February 22nd, 2013, Daily Market Bite from Ishaq Siddiqi Market Strategist

Stocks are rebounding in Friday’s session after registering bulky losses in the previous session amid fears the Fed will slow down and/or abruptly end QE and grim euro zone composite PMIs. Stocks dropped sharply on both sides of the Atlantic, the euro slid against the dollar while core government bonds were favoured. Today’s rebound however sees a mild reversal of yesterday’s price-action with the support coming from a much better than expected German IFO survey which overshadowed the weak 4Q German GDP figures. Germany’s economy contracted in the last quarter of 2012 but the recent ZEW and IFO survey indicate that 2013 has kicked off optimistically with German businesses and consumers confident over their economy’s prospects. After two days of losses, traders are latching onto the positive sounds out of the German economy but today’s rebound does seem fickle. Italian consumer confidence in February may have rose to 86.0 vs 84.7 but Italians are heading to the polls this weekend for the elections which are prompting hesitation with investors still unclear over who is really leading in the polls. At the same time, US sequesters kick off March 1, and are likely to pressure sentiment in the sessions ahead. Back here in Europe, the European Commission’s latest projections are kicking down the euro a little but stocks remain broadly supported by the German data. The EC predict that the euro zone economy will contract for the second year in a row in 2013, dampening hopes for a recovery this year and in contrast to ECB chief Mario Draghi’s remarks that the euro zone will gradually post growth later this year. The EC expects the euro zone economy to contract by 0.3% this year and growing 1.4% next year.
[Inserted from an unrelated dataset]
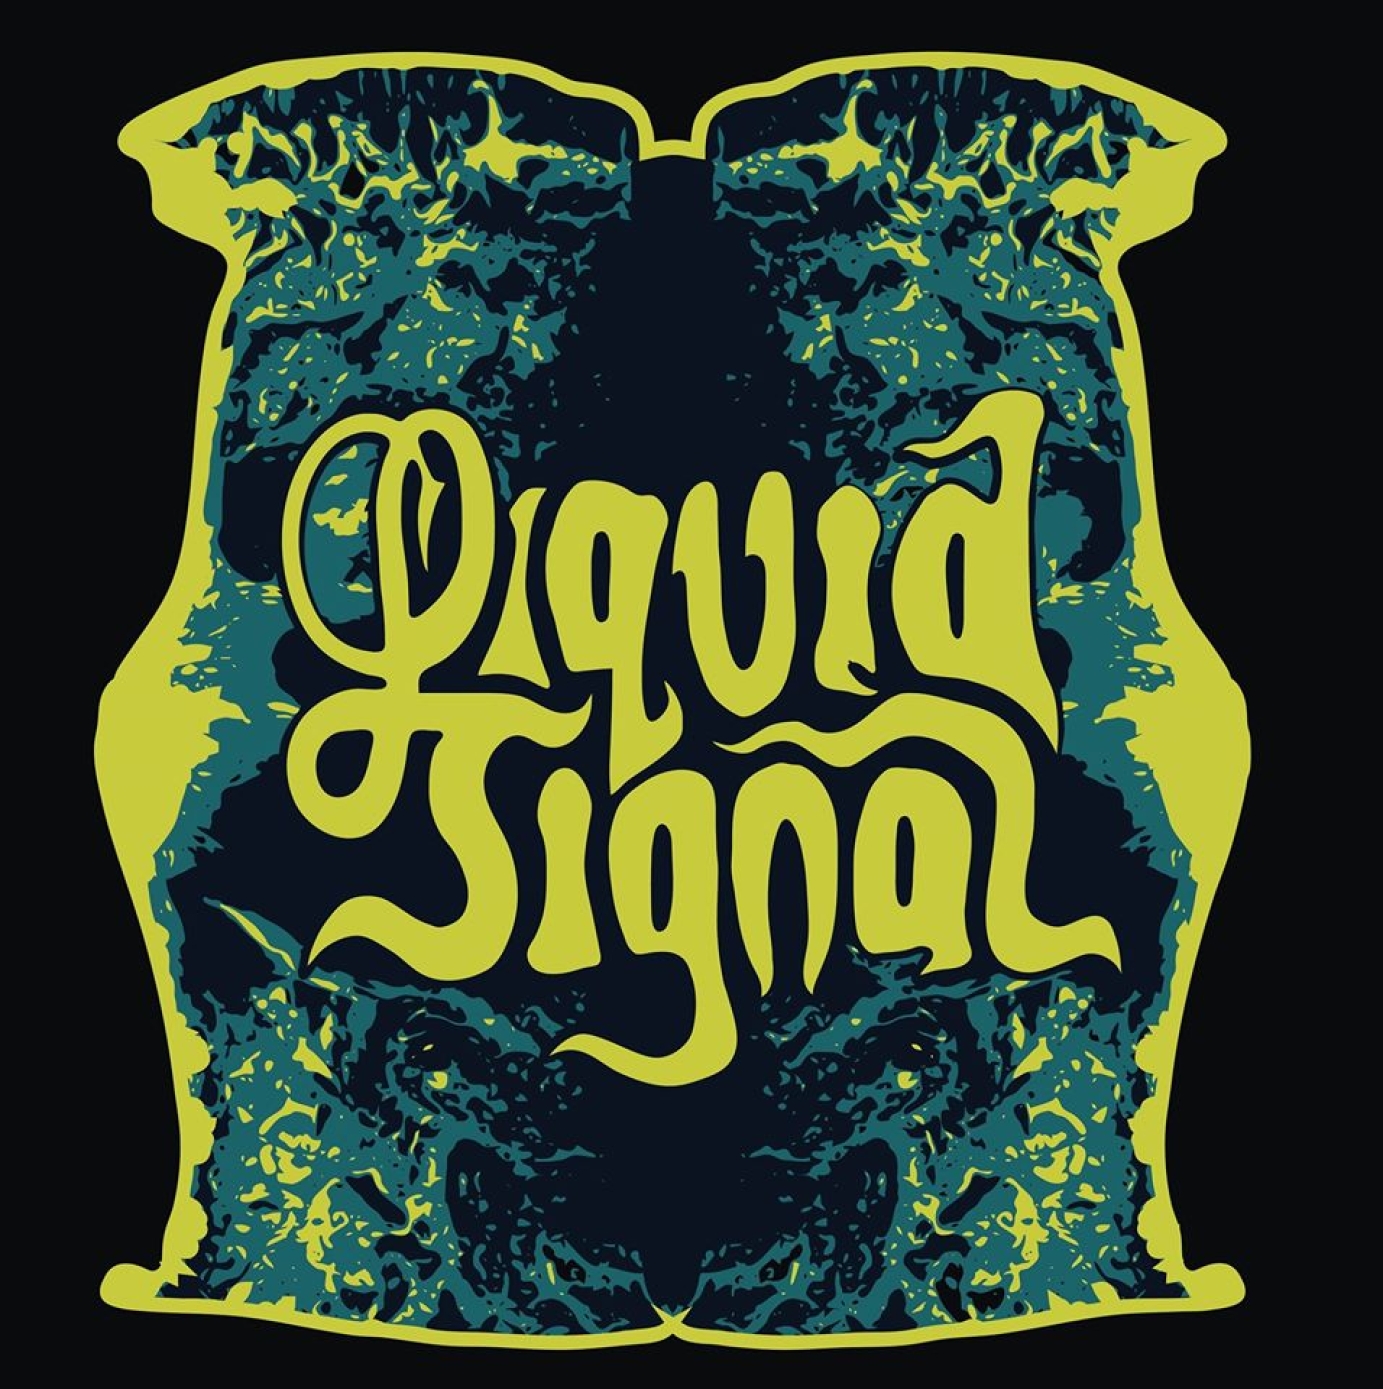 Liquid Signal Album Art, Merchandise, and Flier

It also sees the average euro-zone budget deficit falling below the target 3% in 2013 for the first time since 2008. And, unemployment in the periphery is expected to accelerate further as austerity measures bite hard; the EC expects the average unemployment rate to hit 27% in Greece, 26.9% in Spain and 17.3% in Portugal. Looking ahead, the ECB will offer details of how much banks will look to repay LTRO funds.